* [TASK INSTRUCTIONS]
Skip the pictures, please, and write out exactly every line from the one containing "image 15 - Maison" through the end of the listing below.

* [GIVEN INFORMATION]
########################################
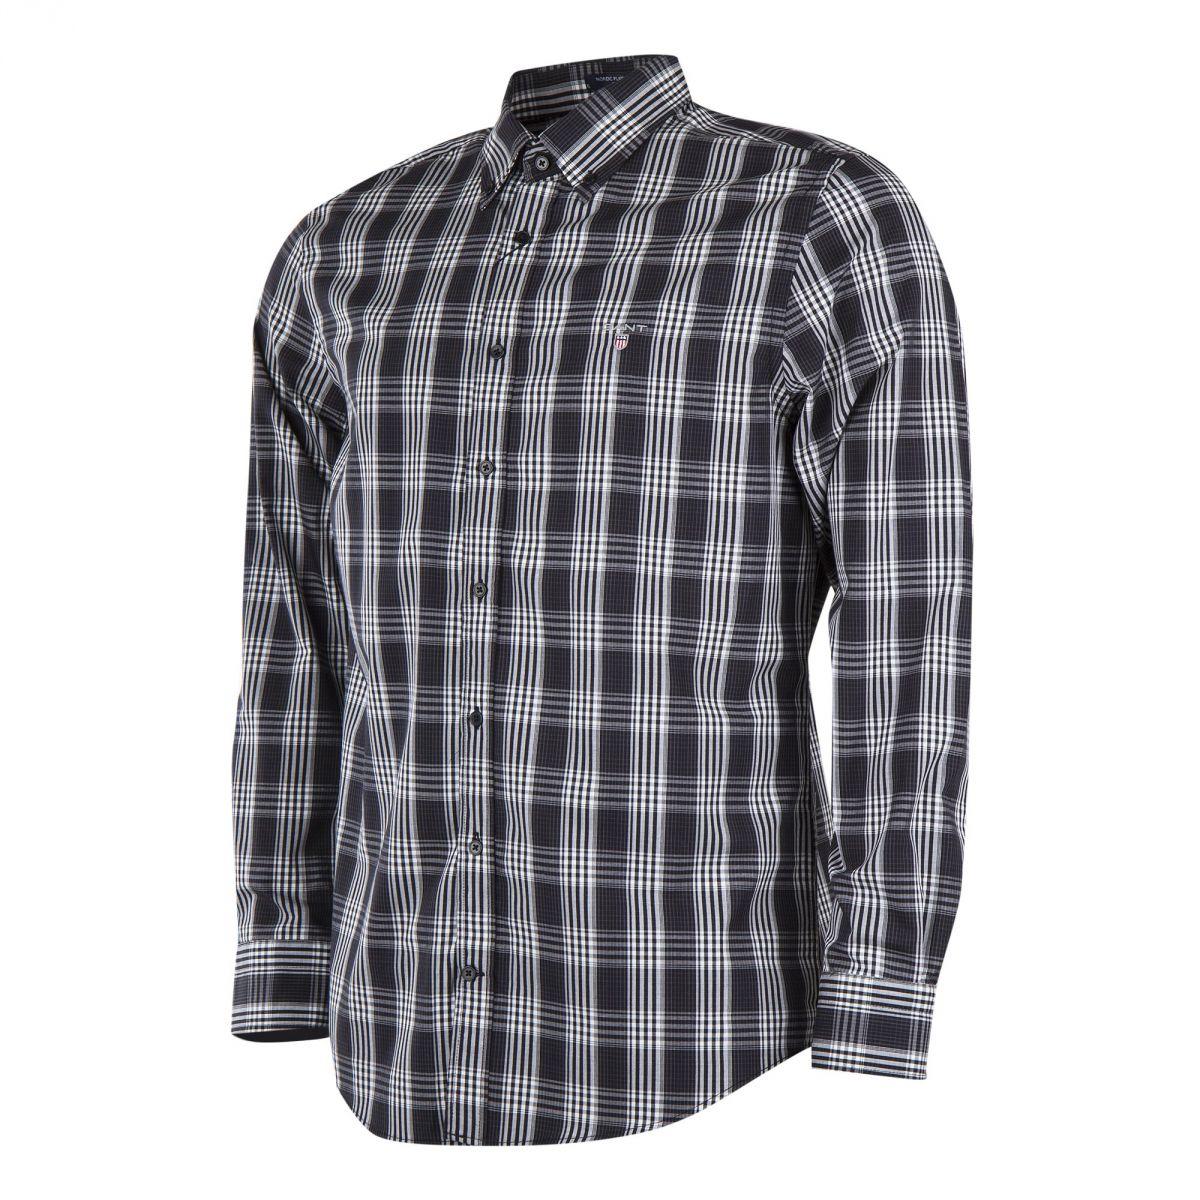 chemise carreaux noire et blanche homme gant prix d griff. Black Bedroom Furniture Sets. Home Design Ideas
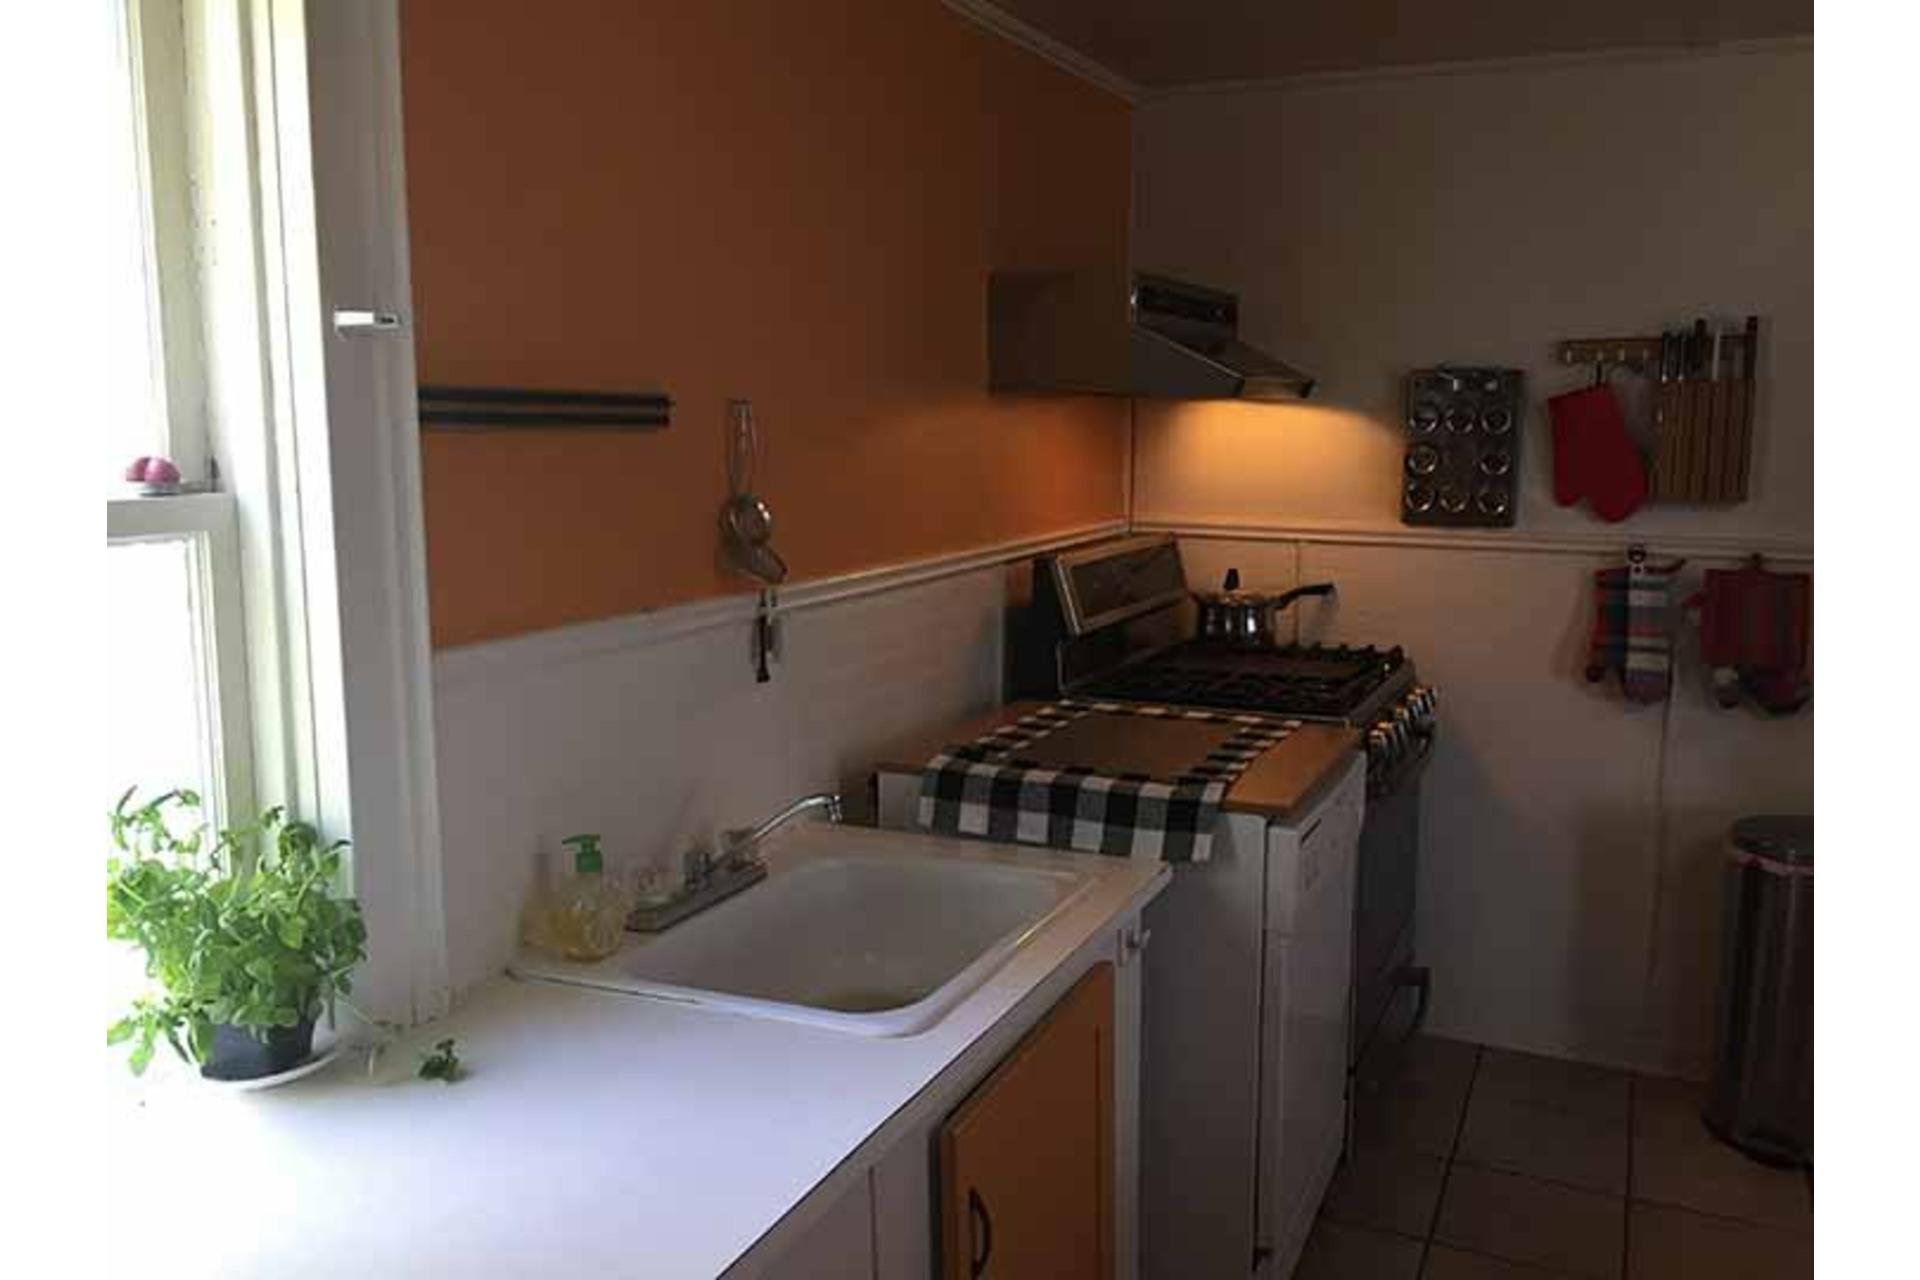 image 15 - Maison À vendre Saint-Georges-de-Clarenceville - 14 pièces
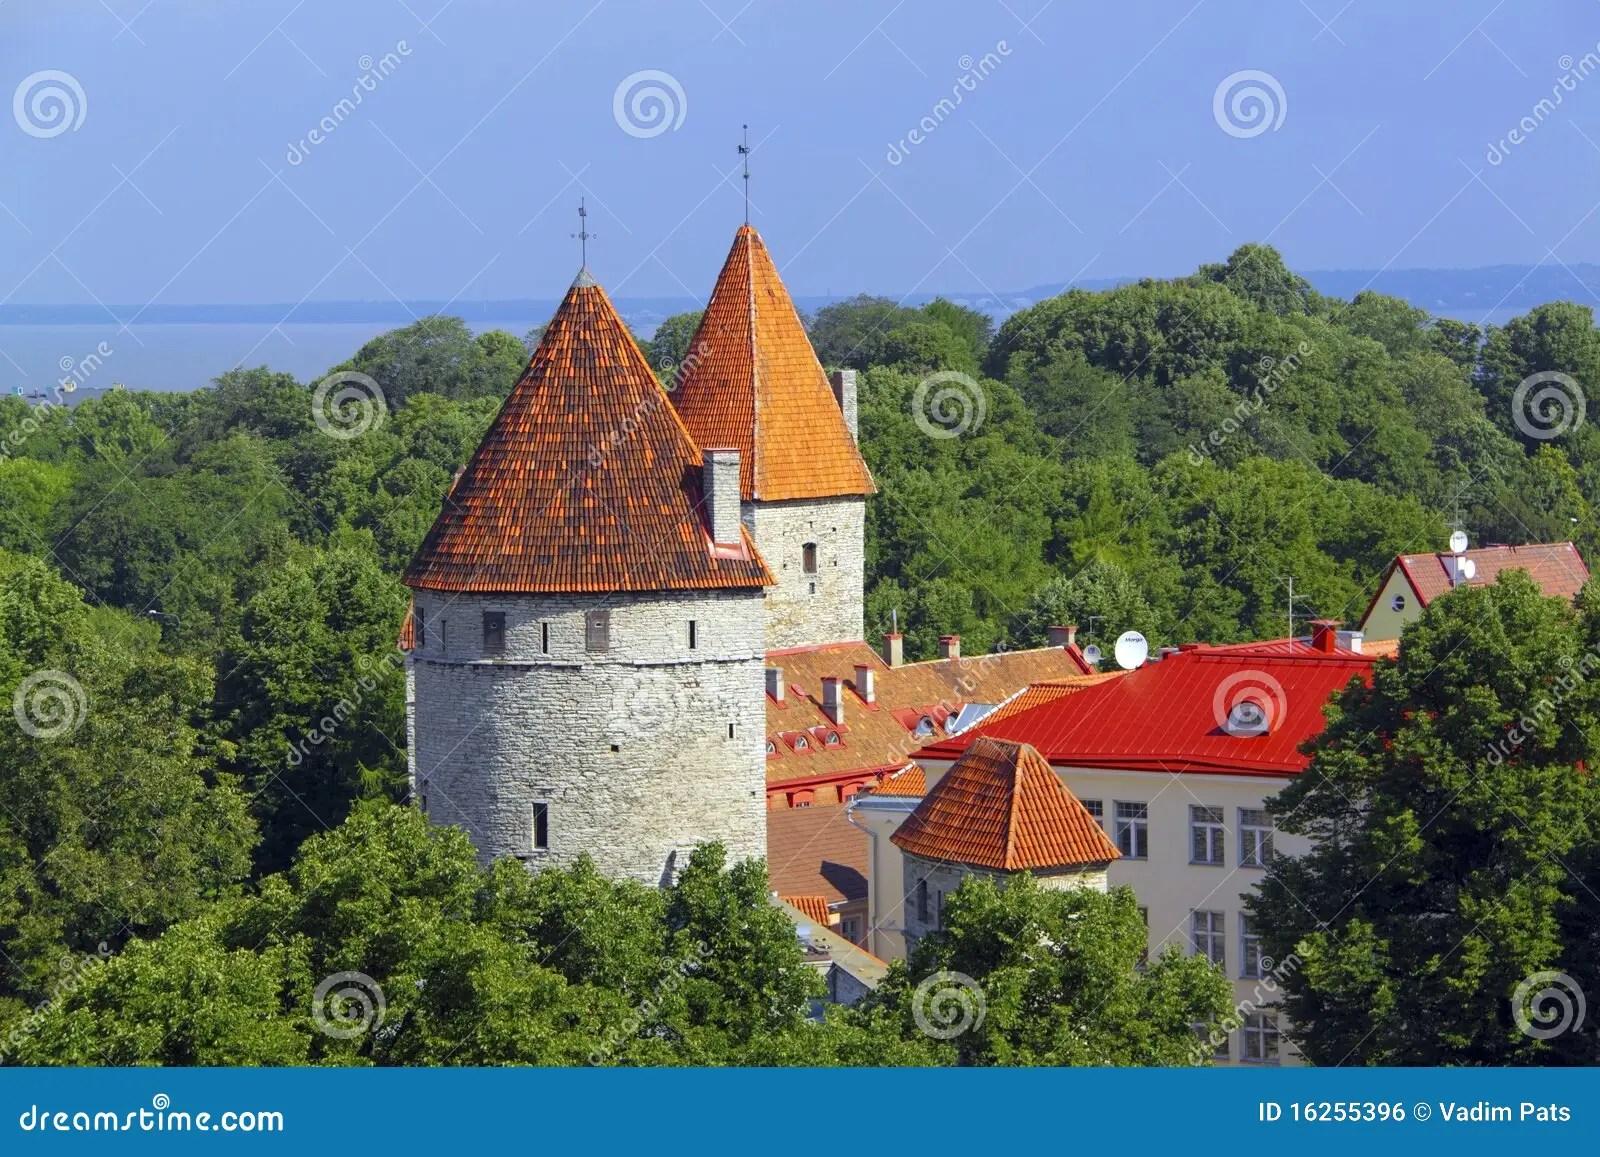 愛沙尼亞塔林塔 免版稅庫存圖片 - 圖片: 16255396
########################################
* [SOLVED PROBLEM]
 image 15 - Maison À vendre Saint-Georges-de-Clarenceville - 14 pièces
 愛沙尼亞塔林塔 免版稅庫存圖片 - 圖片: 16255396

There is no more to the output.